BEGIN
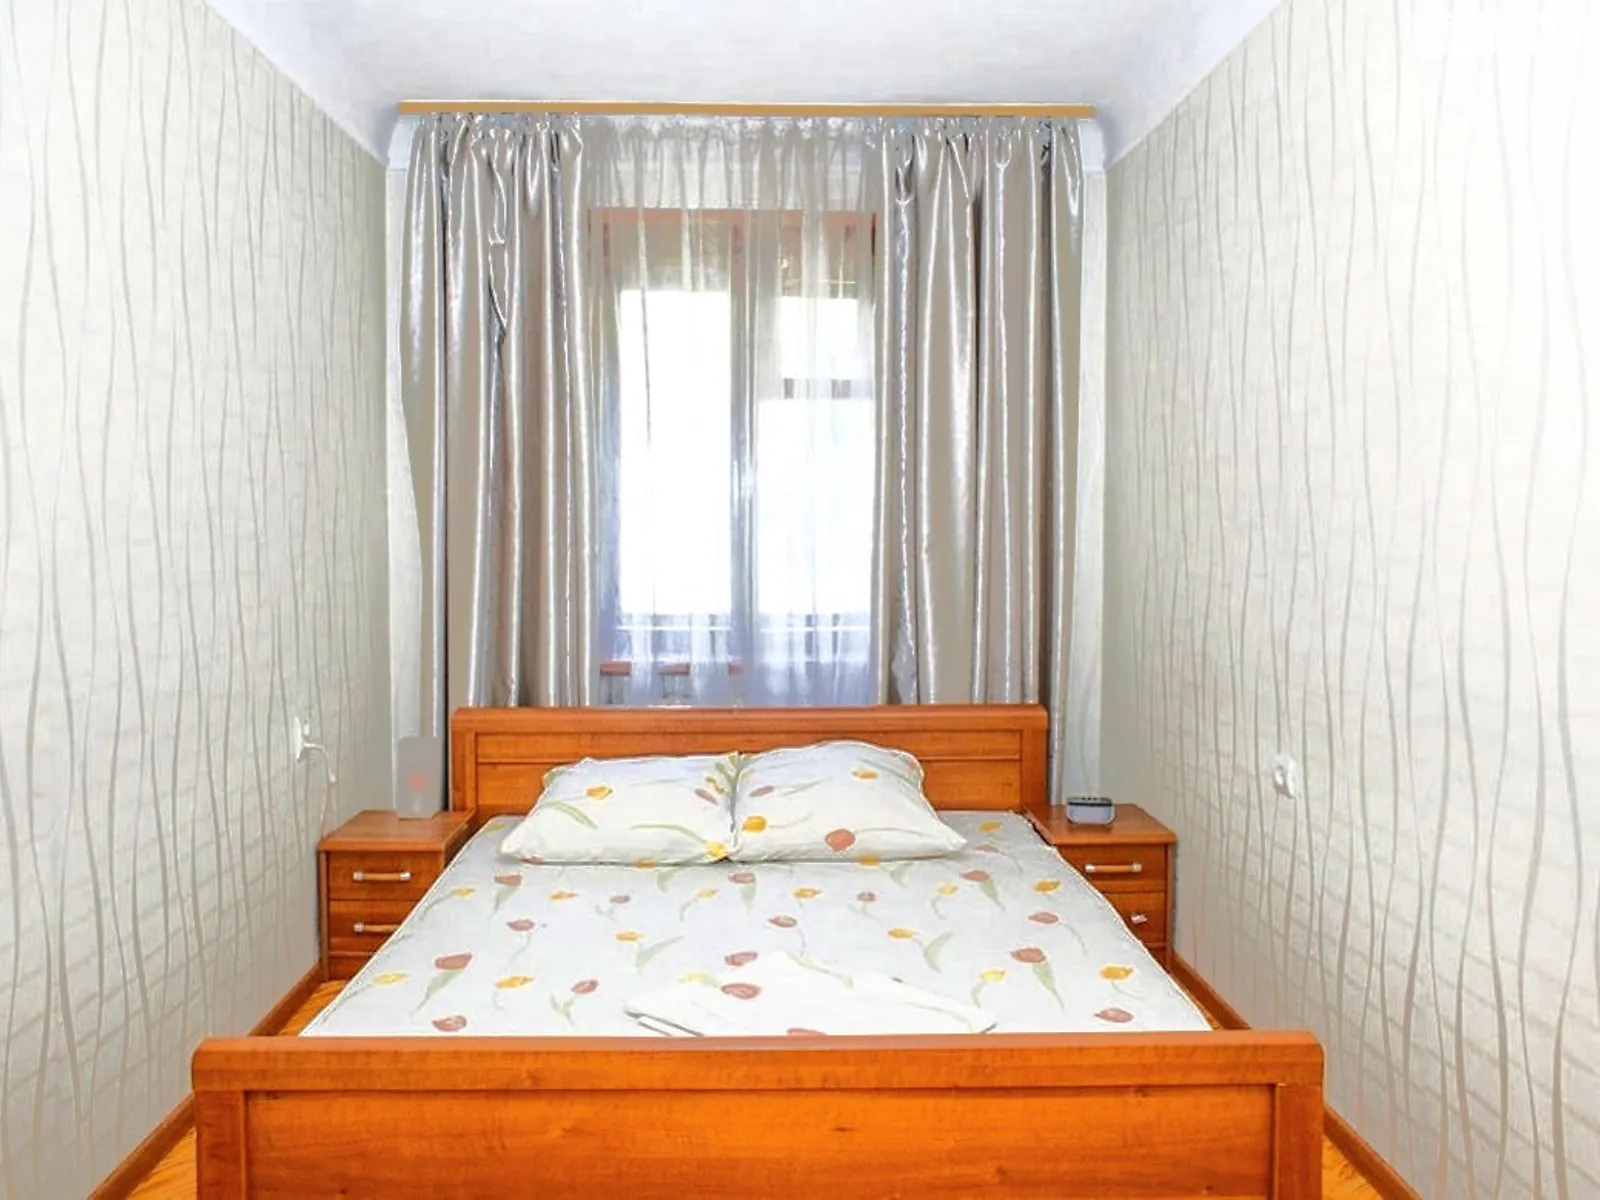 2-кімнатна квартира у Запоріжжі, цена: 750 грн - фото 1
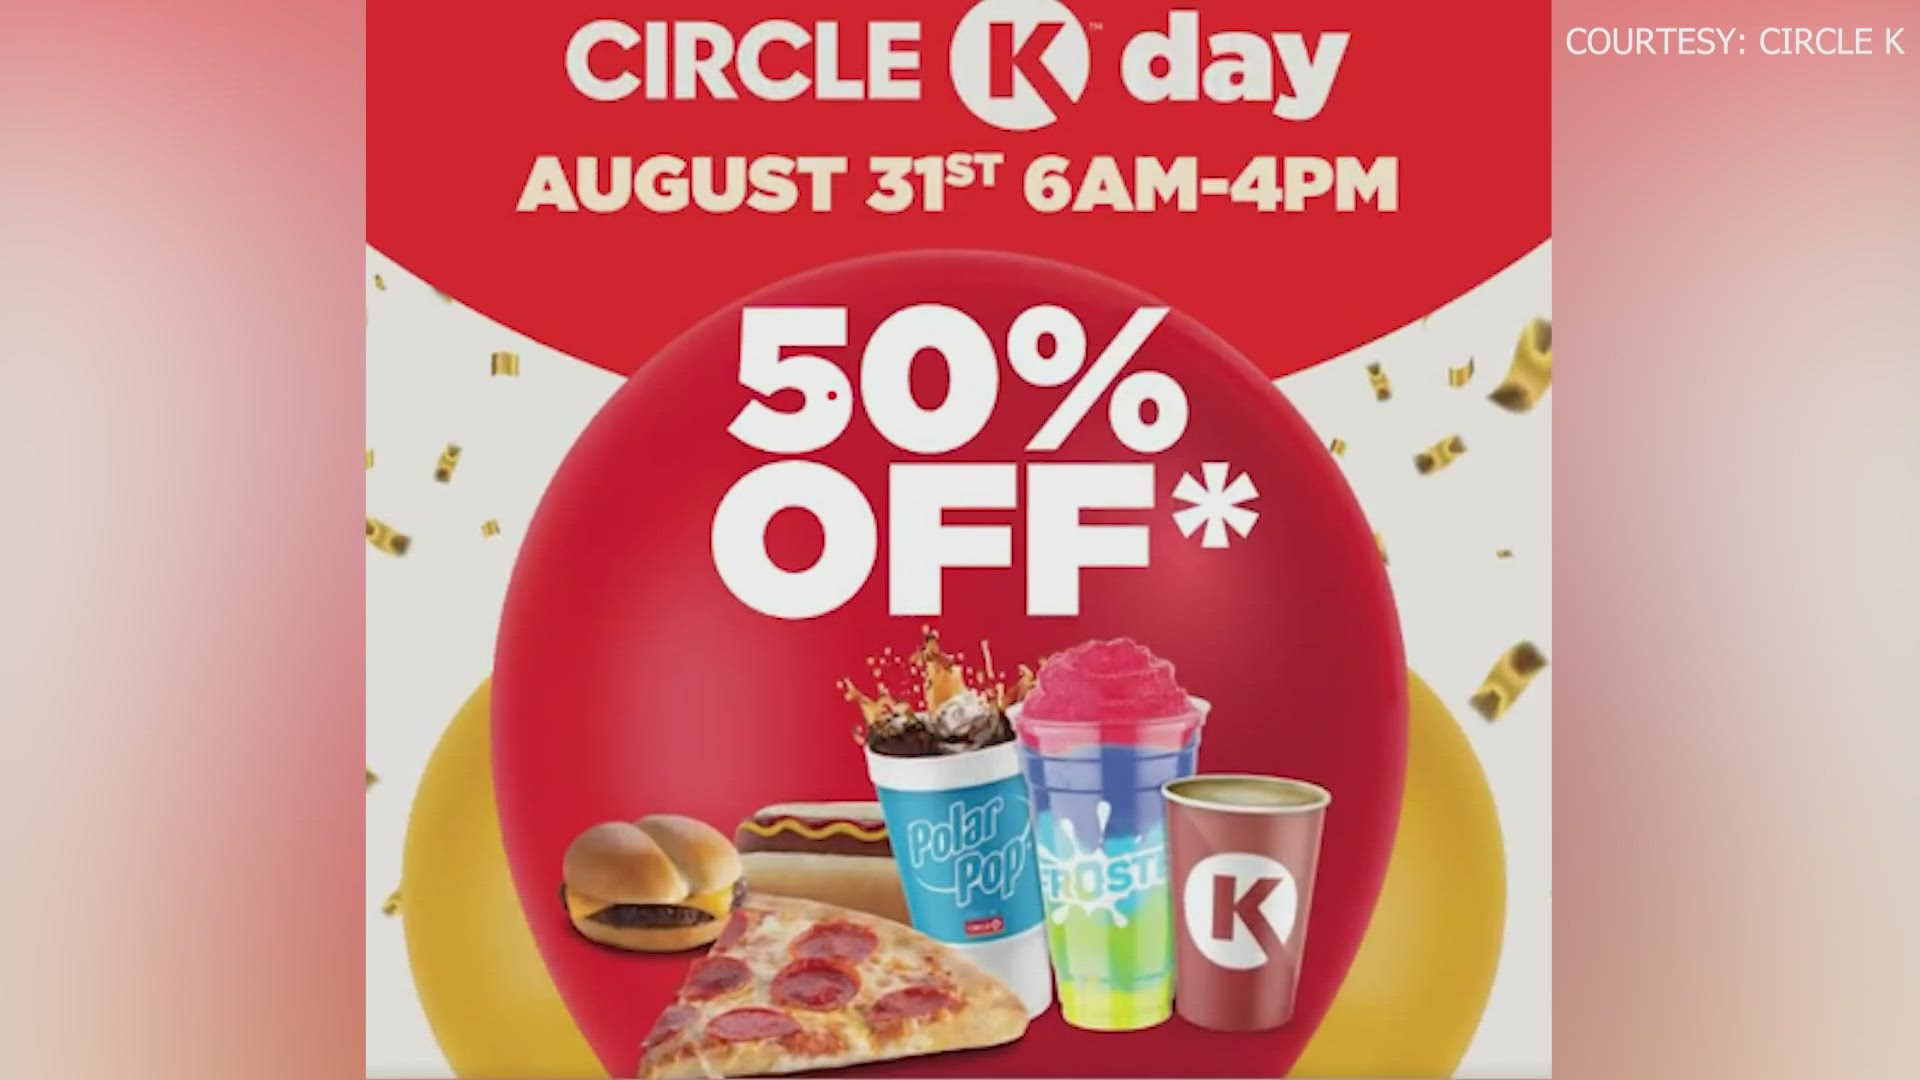 Circle K offering free coffee starting September 25
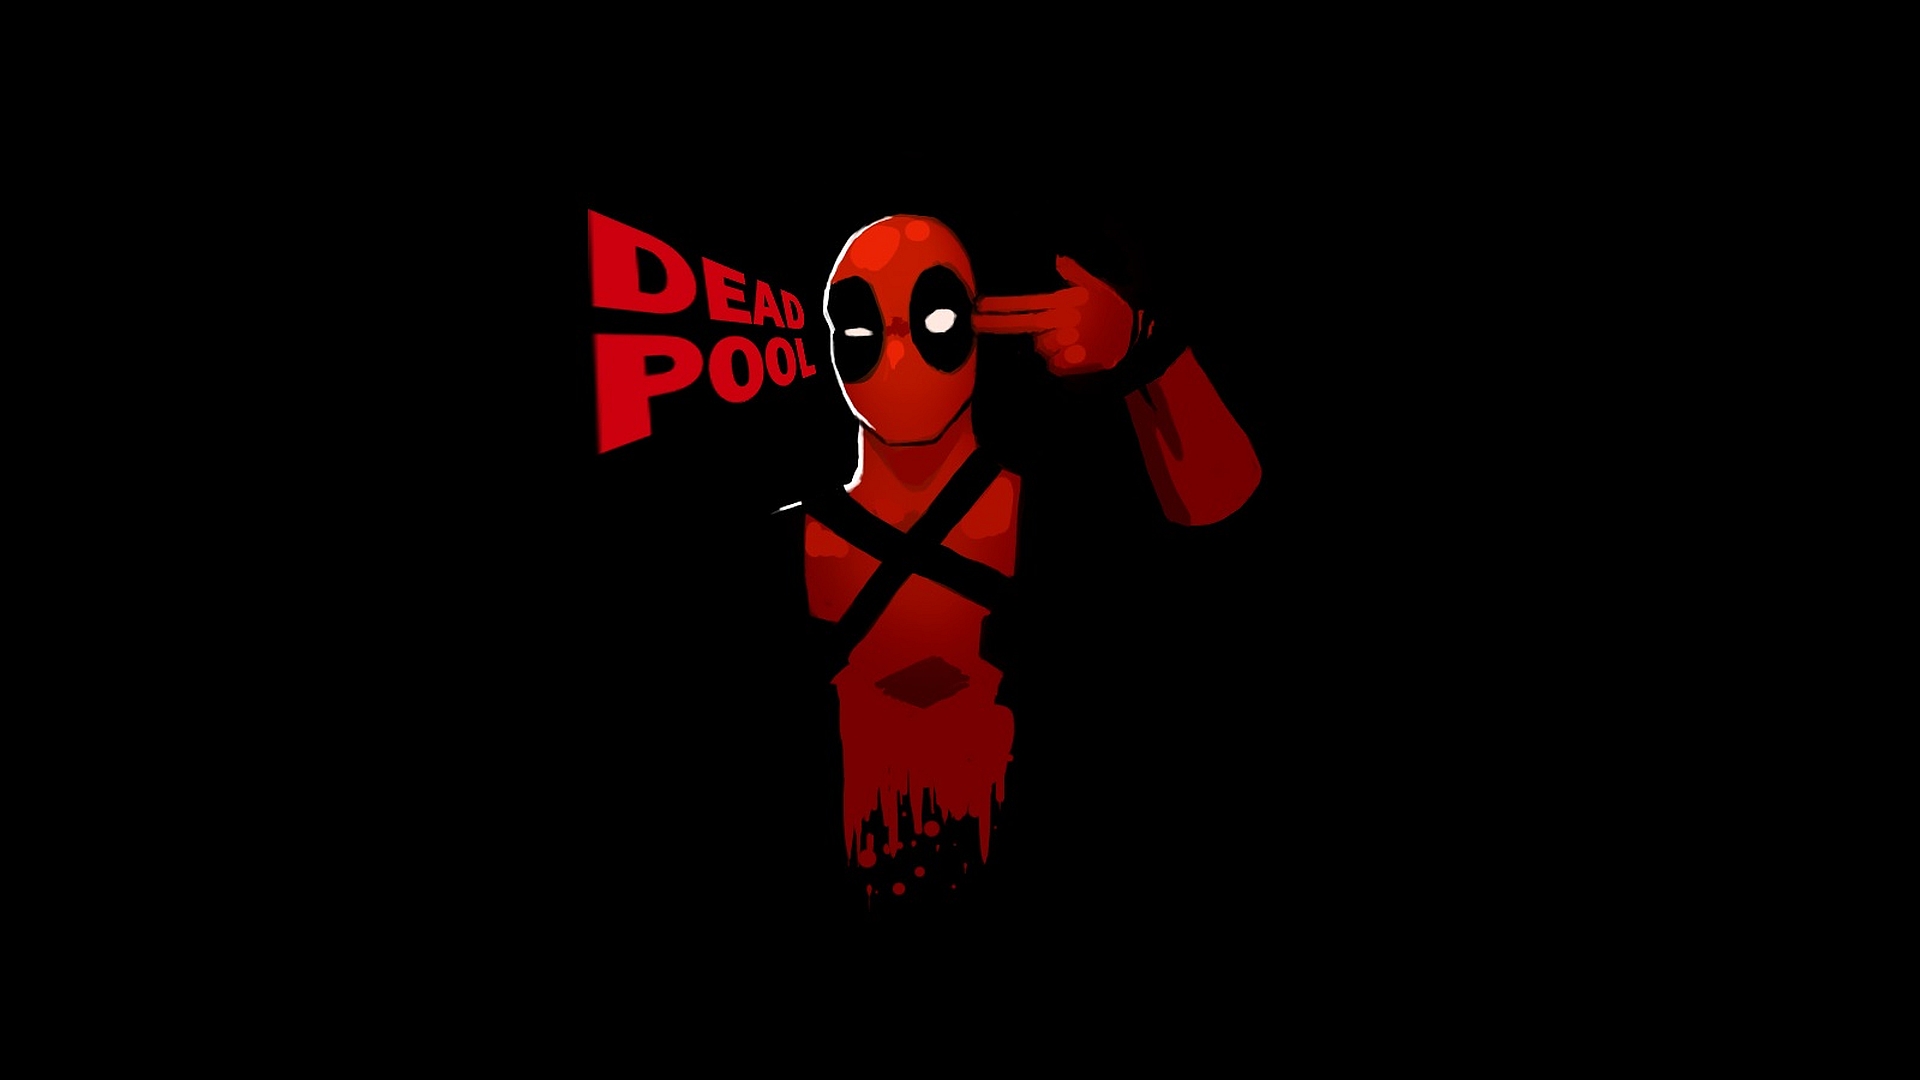 Deadpool wallpaper HD free download
END
_YOUR TASK_. Whenever a picture appears in the listing, leave it out; copy everything else exactly.

_COMPLETED EXERCISE_.
 2-кімнатна квартира у Запоріжжі, цена: 750 грн - фото 1
 Circle K offering free coffee starting September 25
 Deadpool wallpaper HD free download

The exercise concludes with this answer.